Setiap lantai di sisi depan memiliki jendela dengan kayu jendela yang dibuka pada saat melempar proyektil. Hal ini dapat diasumsikan bahwa tinggi seperti menara pengepungan rumit sekitar 40 meter itu bergerak sangat lambat, meskipun deskripsi tentang bagaimana menggerakkan, tidak bertahan. Dalam rangka untuk melindungi konstruksi kayu dari api, samping dan dinding depan bertabur besi atau kulit bantal.
tower Assault Roma
Sekitar dari SM abad II. e. Roma mulai lebih aktif menggunakan menara selama pengepungan kota. sejarawan militer kuno Roma Vegetius meninggalkan penjelasan yang cukup rinci kendaraan tempur. Dari sini dapat disimpulkan bahwa orang-orang Romawi yang pragmatis lebih disukai teknik fungsional, daripada mencoba untuk memukul musuh dengan ukurannya.
Menurut Vegetius, Tower ( "Tour" - dari Turres ambulatorie Latin) dibagi menjadi tiga tingkatan. Lantai dasar ditempati pendobrak, jembatan gantung kedua dengan pagar anyaman, dan akhirnya, pada ketiga - sebuah platform untuk pemanah dan pelempar tombak. Menara ini, tergantung pada medan dan ketinggian tembok kota bisa mencapai 15 atau bahkan 27 meter.
lembar desain melapisi besi atau kulit dan kain perca selimut dari bahan non-mudah terbakar.
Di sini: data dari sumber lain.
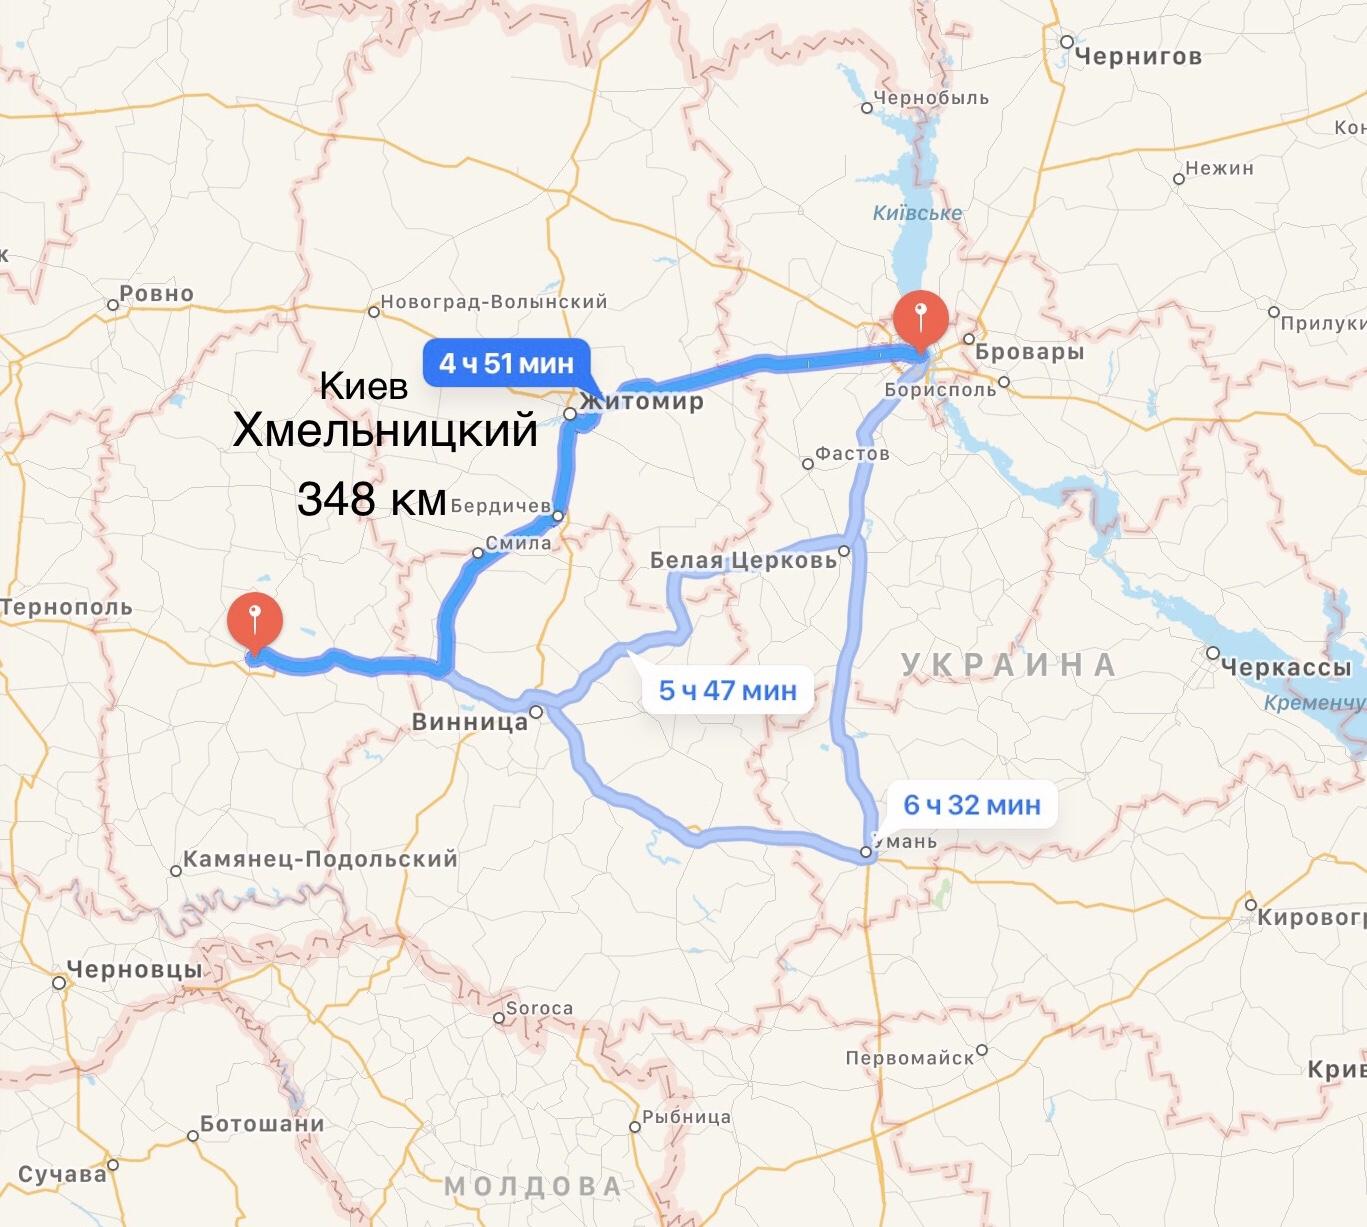 Грузоперевозки Киев – Хмельницкий
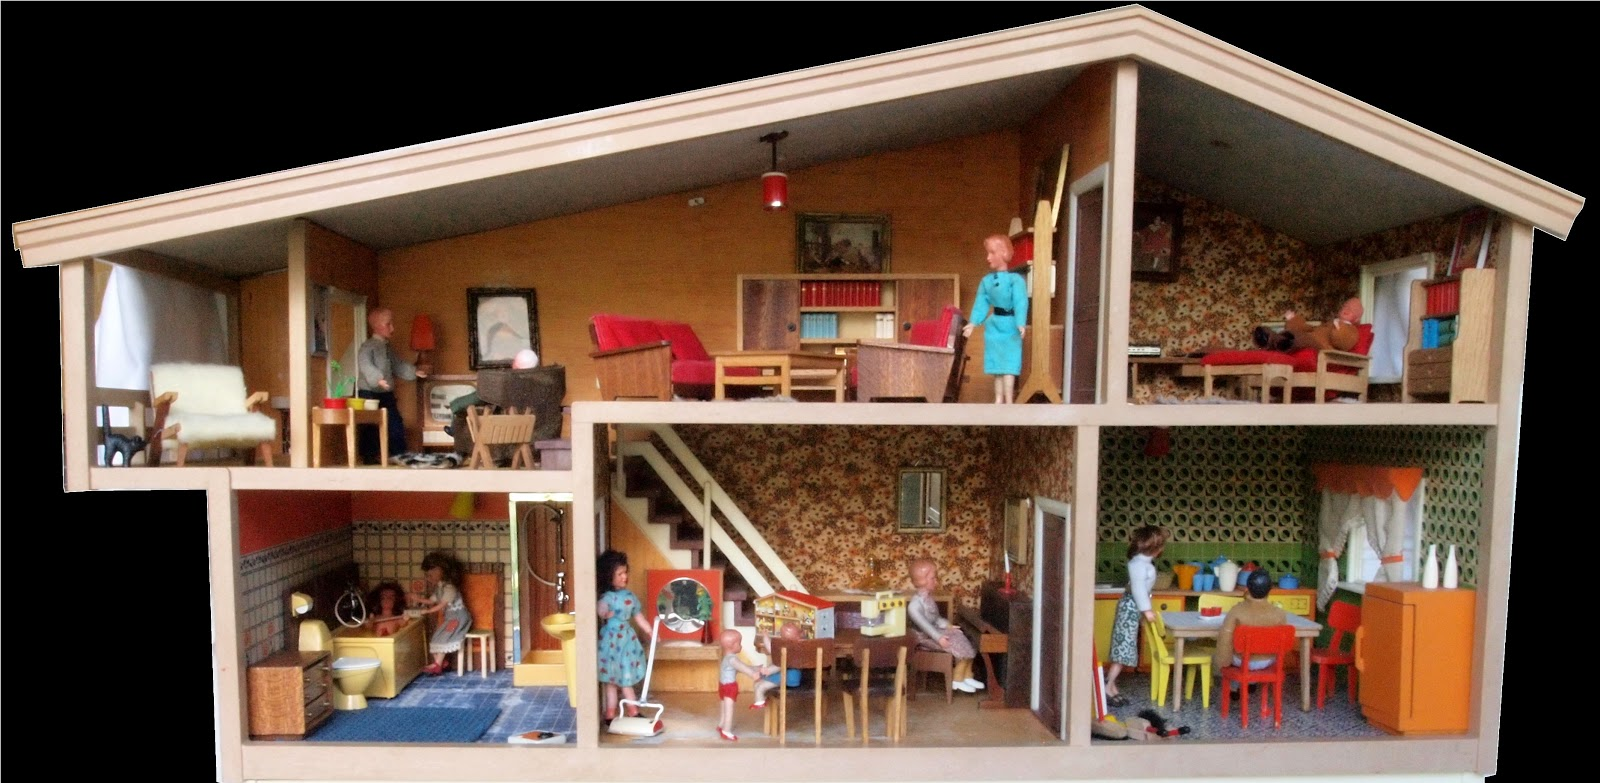 wandgestaltung wohnzimmer wohnzimmerschrank puppenhaus. Black Bedroom Furniture Sets. Home Design Ideas

Ketika menara mencapai tembok kota yang terkepung, jembatan dari lantai dua dinominasikan, memungkinkan tentara untuk pergi ke gedung kota.
Sebuah benteng di Abad Pertengahan
Terlepas dari kenyataan bahwa peradaban kuno akhirnya meninggalkan panggung sejarah, prestasi mereka di bidang peralatan militer terus digunakan pada Abad Pertengahan. mesin pengepungan, termasuk menara penyerangan digunakan untuk blokade kedua kota dan kastil abad pertengahan. desain dan taktik mereka menggunakan sejak zaman kuno tidak berubah.
Sama seperti sebelumnya, pada Abad Pertengahan mereka dibangun dari kayu, dilapisi kuda atau lembu menyembunyikan. Di bagian atas menara adalah pemanah dan pemanah, dan ketapel kadang-kadang kecil. Lantai bawah diduduki oleh ram dengan ujung besi atau bor, yang mengguncang dinding pasangan bata.
Pengepungan kastil abad pertengahan
Pekerjaan persiapan yang mendahului penyerbuan benteng atau kota, menuntut banyak waktu dan uang. Juga disimpan itu tidak aktif. Seringkali mereka telah membuat forays di bawah penutup dari malam ke kamp musuh untuk menghancurkan bangunan pengepungan, termasuk menara kayu.
Menyerbu benteng dengan tangga adalah alat pertama yang digunakan pengepung. Jika tidak berhasil, maka transisi ke blokade panjang dan dibawa ke dalam bermain benteng. Memindahkan mereka dengan menggunakan derek dekat dengan dinding benteng. Dalam kasus penyerangan hasil manuver yang sukses dapat dianggap sebagai dipecahkan.